I think changing the logic to this version, also gives another small speed increase:
Many thanks Mischi! The
Many thanks Mischi! The compiler flags and double compilation indeed shaved off some milliseconds! Would be interesting with some short explanation of what it does! :) (Didn't find much in the man pages for fpc, for some of them?)
I didn't manage to get the code faster with the code changes though ... don't know if I do something stupid.
Whole Program Optimization
This is the link to the respective wiki page: http://wiki.freepascal.org/Whole_Program_Optimization
fpc -i shows which wpo is possible for the respective processor. I have not much more clue about it.
Mischi
Ah, thanks! There's something
Ah, thanks! There's something to study ... and more things to try, if one gets the time :)
Re: reading the file
The speed of reading the file can be improved quite a bit with tuning the file buffer.
adding
Buf : Array[0..4*1024] of byte;
to the var section and the additional Settextbuf statement after the assignfile yields quite a gain:
Assign(FastaFile, 'Homo_sapiens.GRCh37.67.dna_rm.chromosome.Y.fa');
Settextbuf(FastaFile, Buf, sizeof(Buf));
Reset(FastaFile);
Hi, I'm not a fan of either
Hi,
I'm not a fan of either Python or D, but your Python code could be speed up a bit I think:
I have not tested it on my own. I'd be very curious to see the effect of my suggestions if you'd like to test and post.

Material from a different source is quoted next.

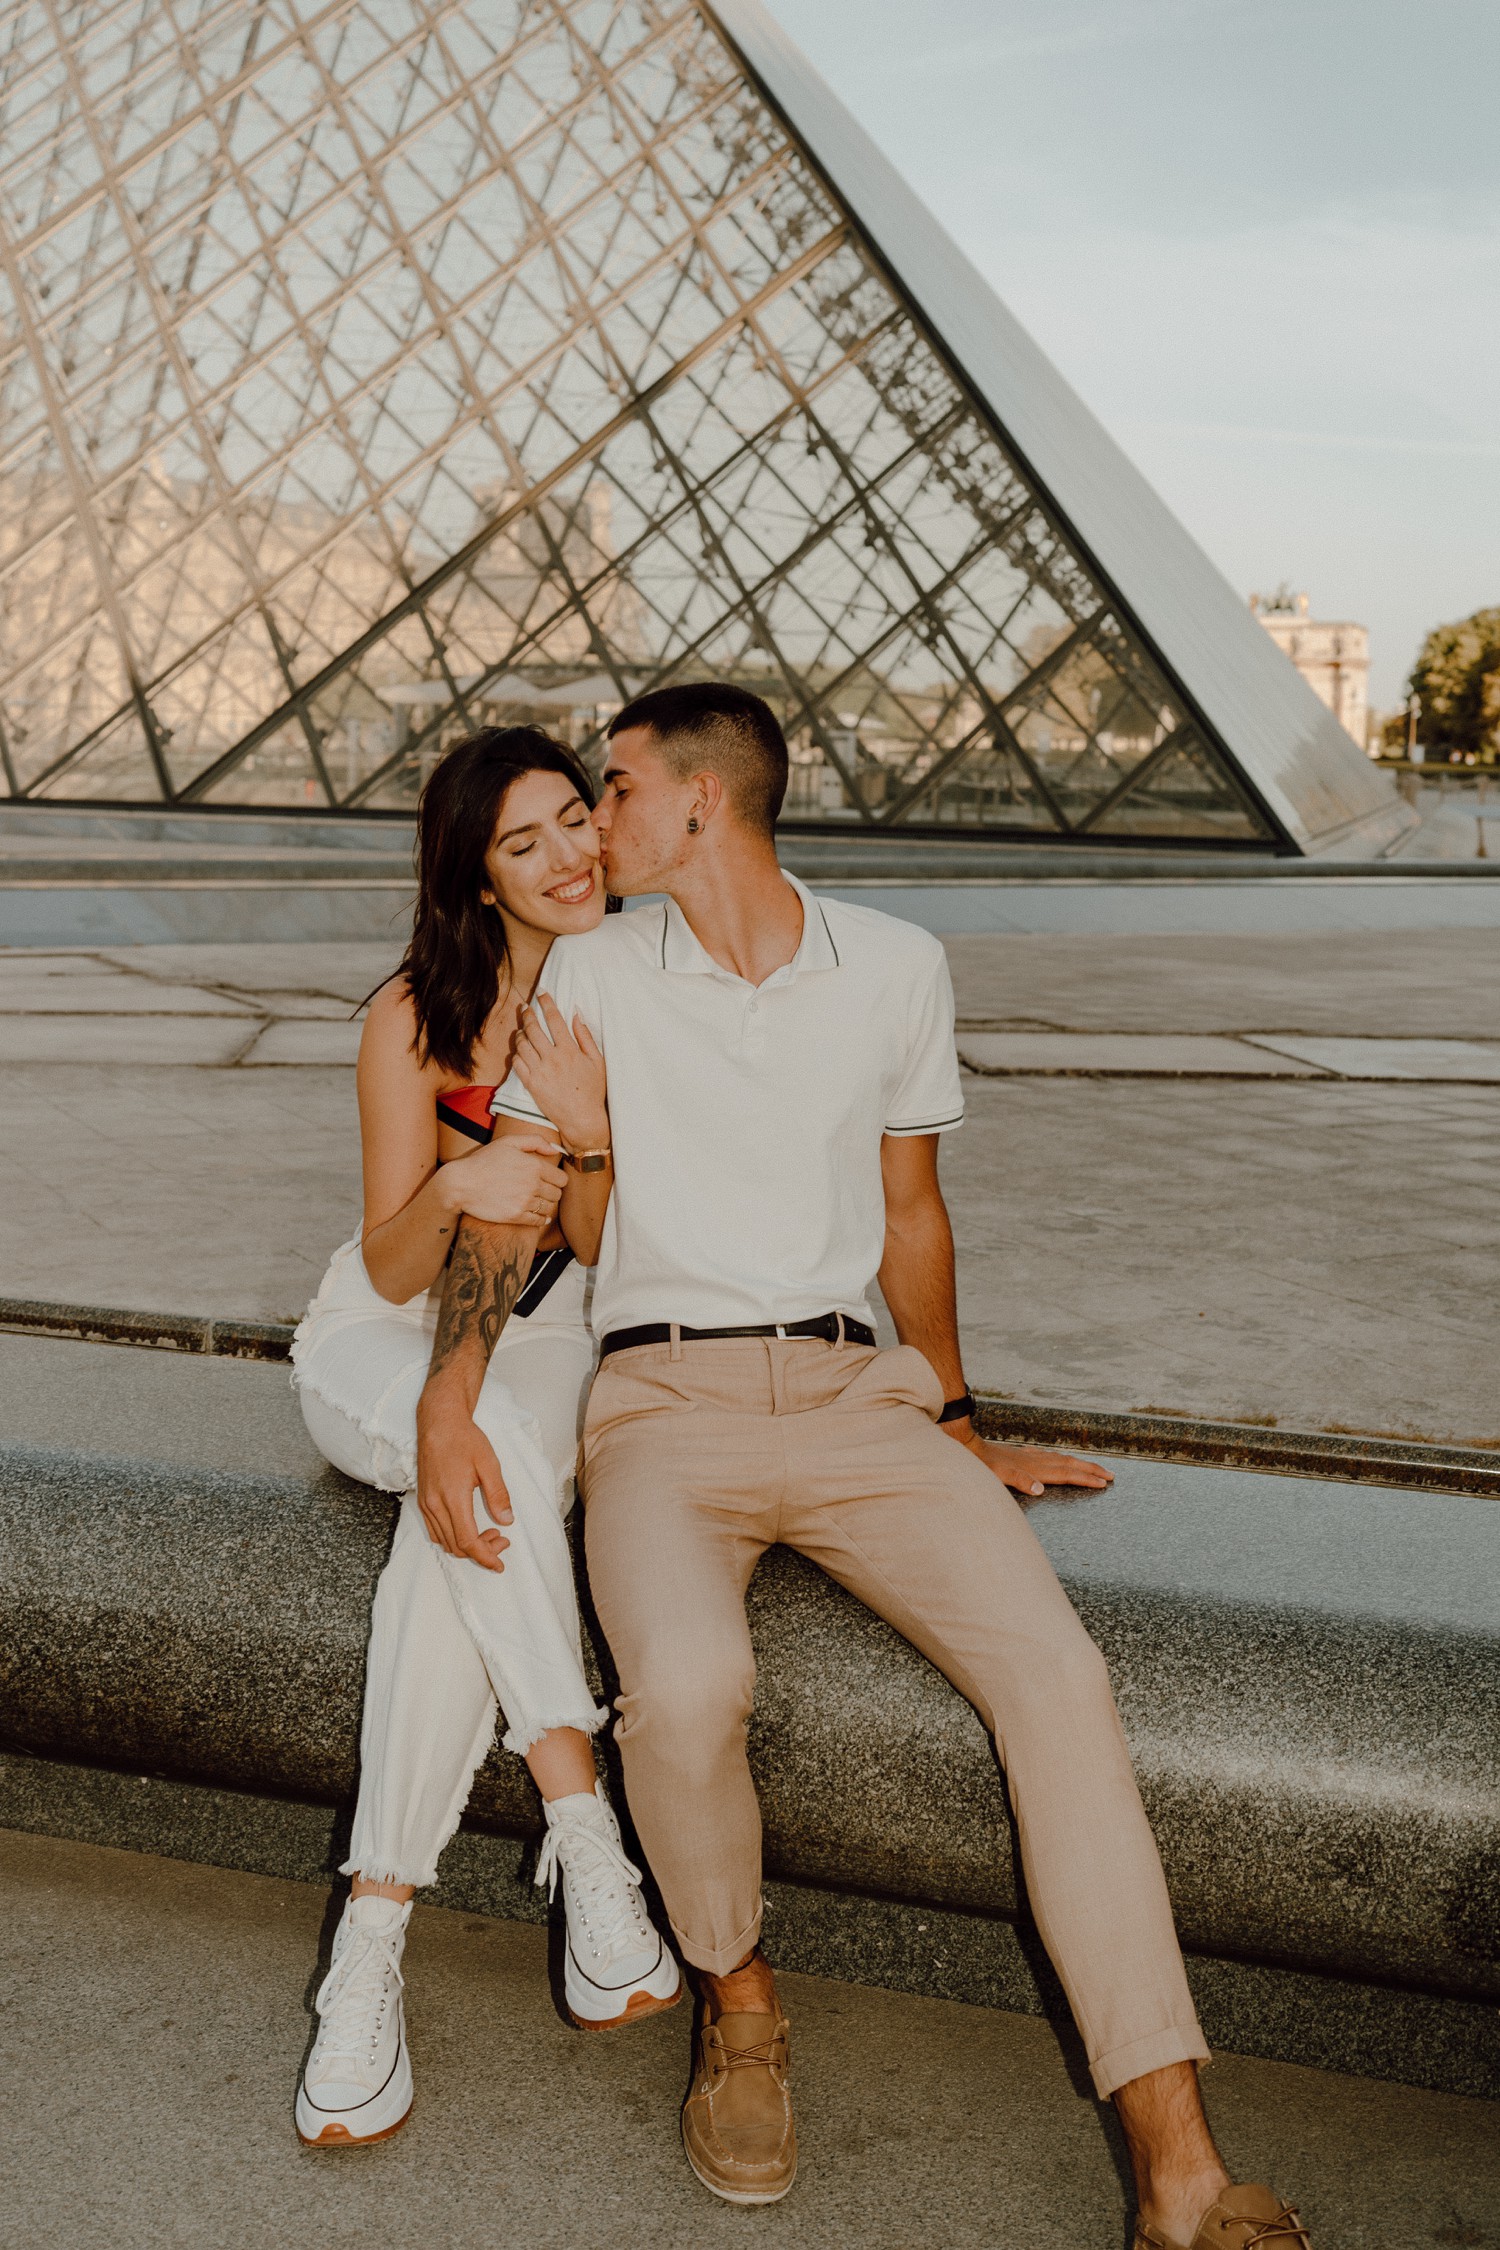 Louvre Pyramid Couples Photos

In case you're interested in High Performance Python:
http://ianozsvald.com/2011/07/25/high-performance-python-tutorial-v0-2-f...
http://ianozsvald.com/2012/03/18/high-performance-python-1-from-pycon-20...
Thanks! Counting them
Thanks! Counting them separtely definitely saved a bit. Upcoming update post in the works! Stay tuned!
Separate counting
I also tried this in the pascal example, but it did not really gain something on a first try. I think that the integer increases might be done in parallel to something else with no extra cost. The time is basially determined by the comparisons. I could shave off quite a bit by starting with a test on the character 'N', which is the most frequent. Although this is one additional test for all the valid characters, it saves two tests for 'N'.
One could also take advantage of the fact that nearly all lines have the same length.
Using a profiler will probably tell you more about where the time is spent.
The fastest version for such a simple program is probably one with pointers, labels and gotos, but no one wants to maintain such code. I could do it in Pascal, but i do not even want to see such code in the public ;-)
MiSchi.
Implementation in nimrod
I liked your small test case idea so I made my own version of your test in Nimrod (http://nimrod-code.org) which you can grab at https://gist.github.com/gradha/5555512. I wrote as a comment the performance values I get on my machine. If I use your measurements as reference and normalize my results against those I get:
cpp: 0.399 (normalized), python: 6.353 and nimrod: 0.5329
So it would seem that nimrod is faster than the alternatives you present, though my python version is faster than yours too, so it would be better if you could run the nimrod version on your machine to compare.
Wow, didn't even know there
Wow, didn't even know there is such a language. Does it have ubuntu packages? :)
The guys at IRC tell me there
The guys at IRC tell me there was some stale package at some point. Looks like https://aur.archlinux.org/packages/ni/nimrod-git/PKGBUILD seems to be some recipe for making one, though compiling nimrod yourself should not be hard following the instructions from https://github.com/Araq/Nimrod#compiling.
I'm using the git version on macosx. IIRC the last stable release doesn't work unless you manually switched to the clang compiler, which is fixed on the git version.